AEG, the world's second largest concert promoter, was the chief engine behind the stint, and had already sank up to $30 million into the production, according to Billboard. The concert, deemed the "This Is It" series, had already culled $85 million in ticket sales - 750,000 tickets that now must be refunded. Jackson was also paid a substantial sum in the millions advance for the performances.
What's at stake for AEG is nonappearance insurance, a policy drawn up if an artist doesn't show (which Jackson clearly will not).
First, there's no verification if AEG even had this policy written up in contracts.
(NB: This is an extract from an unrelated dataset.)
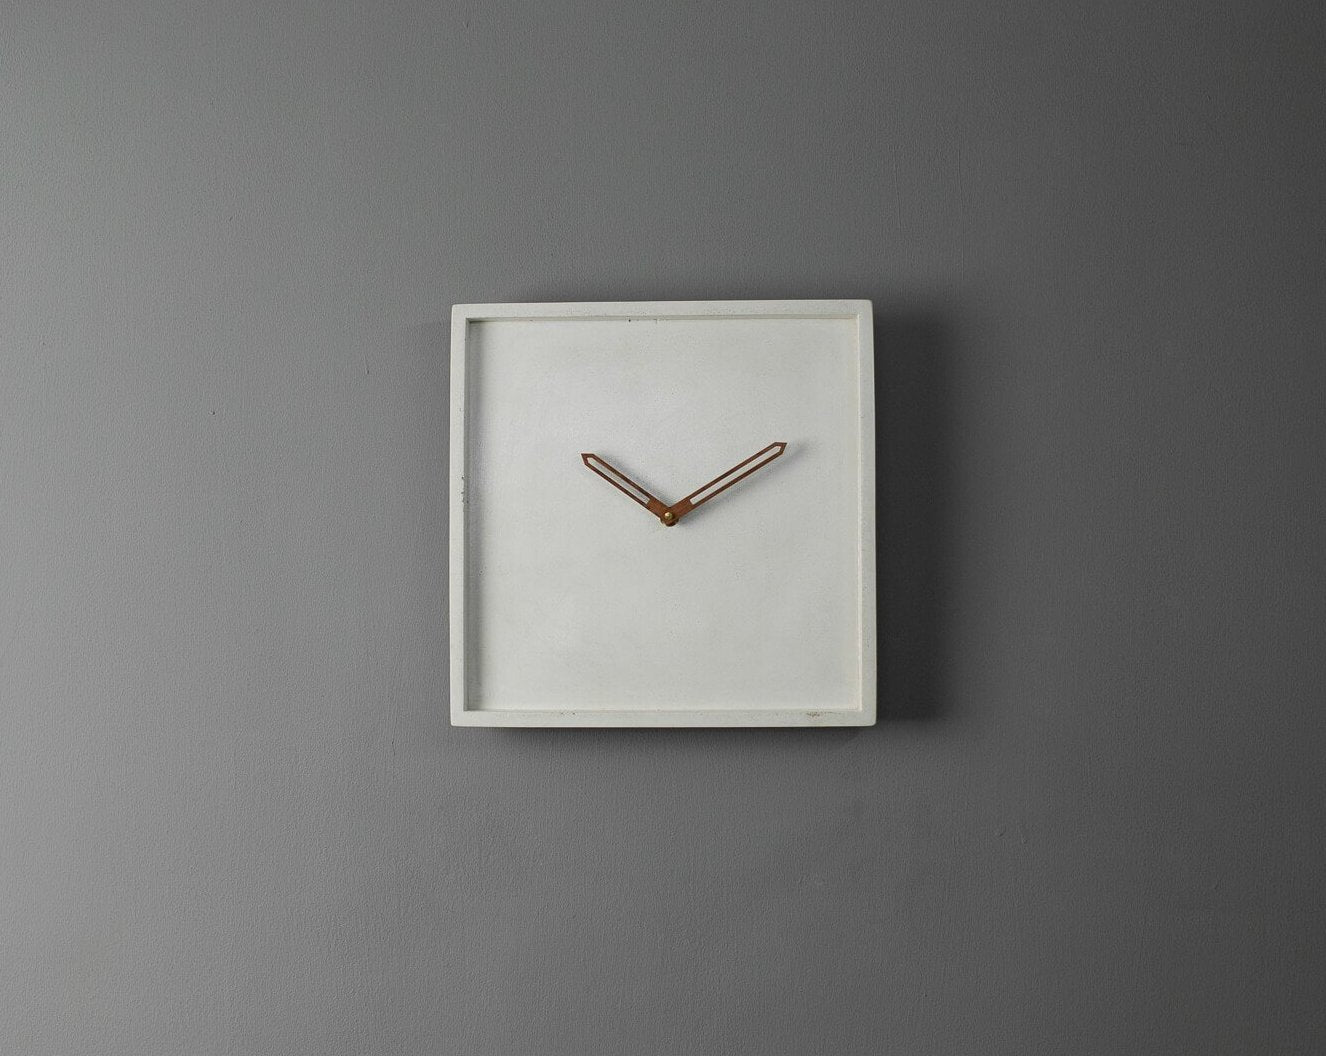 Concrete Square Wall Clock White-Eliteearth

Second, "If it was a pre-existing condition or drug- or alcohol-related, a normal cancellation policy would not cover that, even if he had passed a medical exam," a source told Billboard. Jackson apparently did pass this medical exam before committing, "with flying colors."
Third, if the Jackson estate is found to owe AEG for the nonappearance, there may be a struggle to pay it. The pop star has been plagued by lawsuits and debt for the last few years, causing him to close his Neverland Ranch and auction personal items, for instance.
Even if the insurance situation is best-case scenario, AEG still has to contend with a costly and quick refund situation, to fans who have bought tickets to see the London shows from all over the world.
AEG has scheduled a meeting at 12 p.m. EST to discuss how they'll handle this windfall.
Why should consumers care? Believe it, the way the concert industry is run was already up in the air with the potential merger of Live Nation, the No. 1 concert promoter in the world, and Ticketmaster, the oft-loathed but most-used ticketing company in the world. If there is weakened competition from AEG, Live Nation will continue to control of how the world's largest concerts and tours are presented, promoted and produced.